After digesting eclogite in my bombs recently, I’ve really started to question one assumption. One of the reasons that I’ve been using the bombs in the first place is that I know that the high temperature and confined pressure reduces the boiling point of the acids used for sample digestion, thus meaning that effective digestion can take place at higher temperatures without the acids gassing off before dissolution is complete. Having said that, however, I have no definitive idea about the pressures generated in the bombs. This is because there is no simple easy way to know, as the pressure attained is a function of not only the ‘air space’ left in the bomb (that is the capacity of the bomb minus the volume of acid and sample added), but also of the composition of the liquid being heated.

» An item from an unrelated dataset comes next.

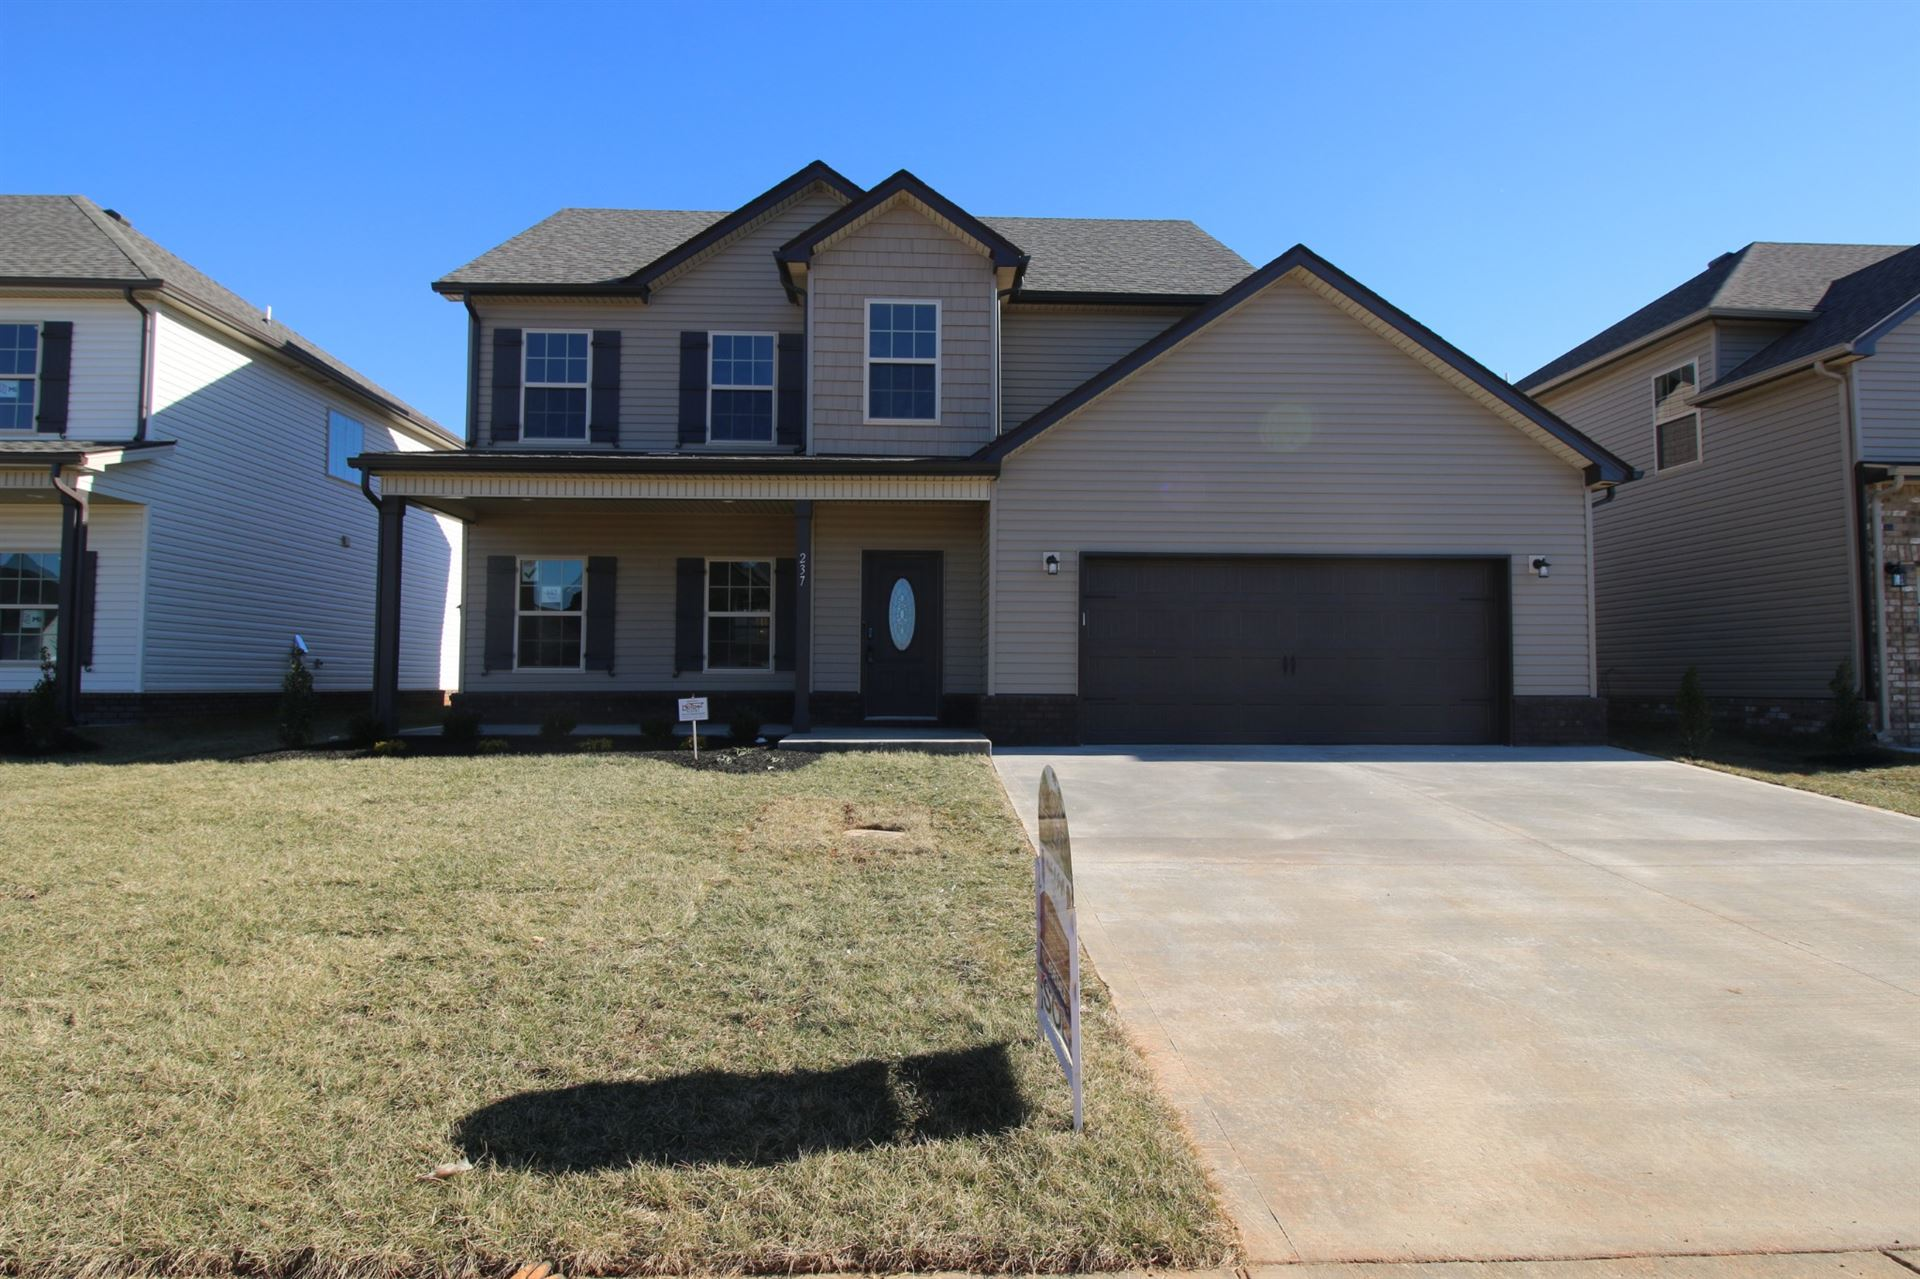 163 Mills Creek, Clarksville, TN 37042 - MLS#: 2294024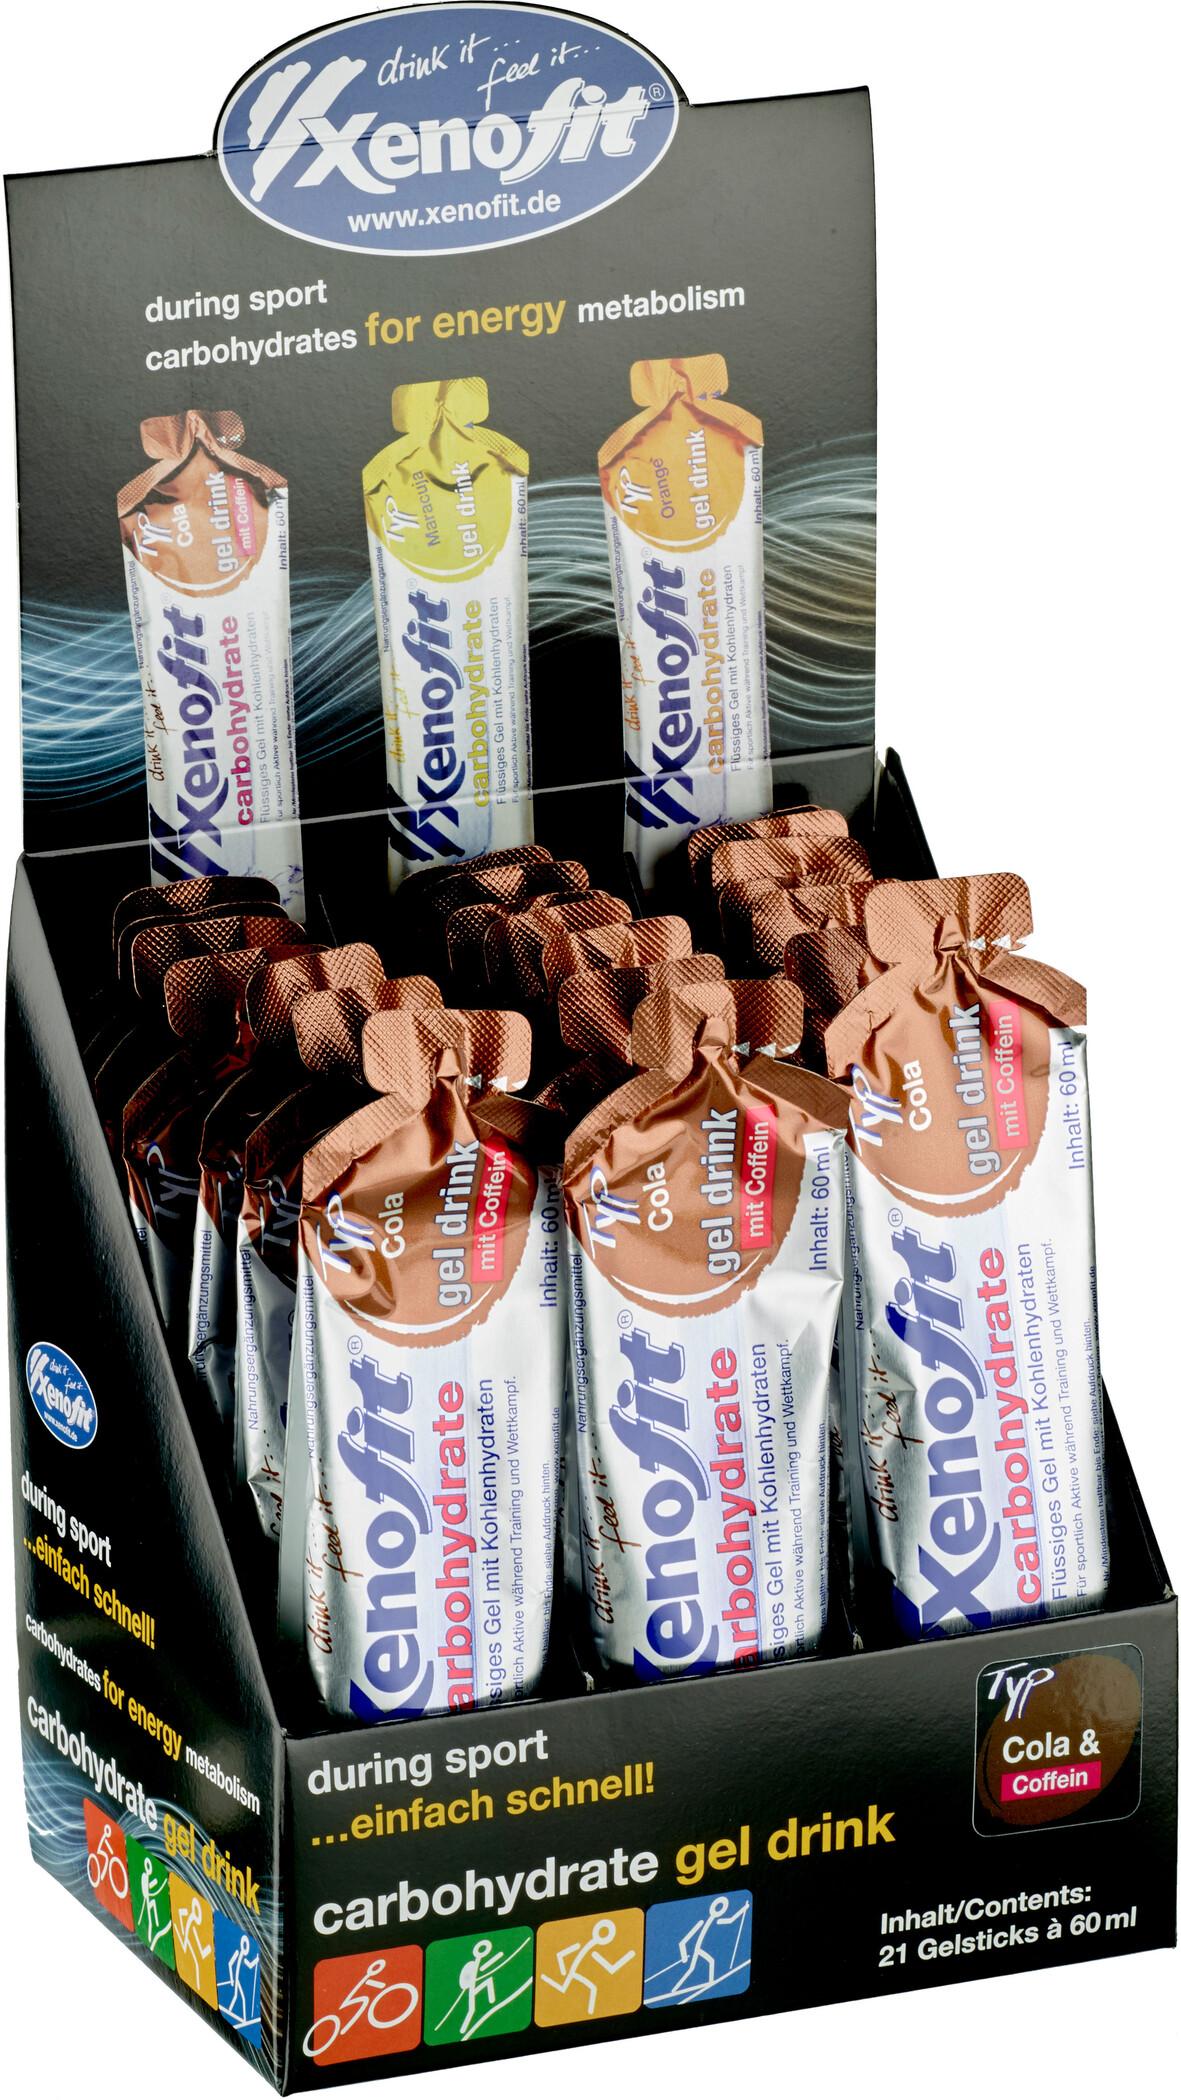 Xenofit Carbohydrate Hydro Gel Box 21x60ml, Cola with Caffein | Energigels

After hunting in the manual for the bombs, I found some patchy data on the pressures assumed to be generated in the bombs by a small selection of liquids when present as a 10 ml volume in a 23 ml space. They are:

Comparing the pressures generated in 23 ml bombs by 10 ml of different liquids.

I thought I might plot up a simple graph comparing the pressure (P) and temperature (T) for these liquids in the bombs (above). The exercise also proved to be a good exercise to practice my skills in R programming. As you can see, even between the four different liquids, there’s quite a large variation in the pressure to be expected. Missing from this plot, however, are the two acids (HF and HNO3) which I use in my bomb dissolution. Who knows how they behave in these bombs? Well nobody, apparently. For the life of me I can’t find any data on those acids so as yet I’m unsure as to the actual pressures generated.

I’m almost certain that HNO3 alone generates pressures >> 2000 psi, as when cleaning the bombs, often a significant proportion of the acid is lost, i.e. the pressure is so high the top of the bomb (which is spring loaded) opens and some gas is released until it reseals. This does not happen when a sample is present in a mix of both HF and HNO3, suggesting that this mix generates a pressure somewhat lower. How much lower, however is the golden question which I am as yet unable to answer. As far I can see at the moment, there can be no sure way of knowing without conducting direct pressure measurements in the bombs, but watch this space as I might be able to do some modelling if I got my hands on some data!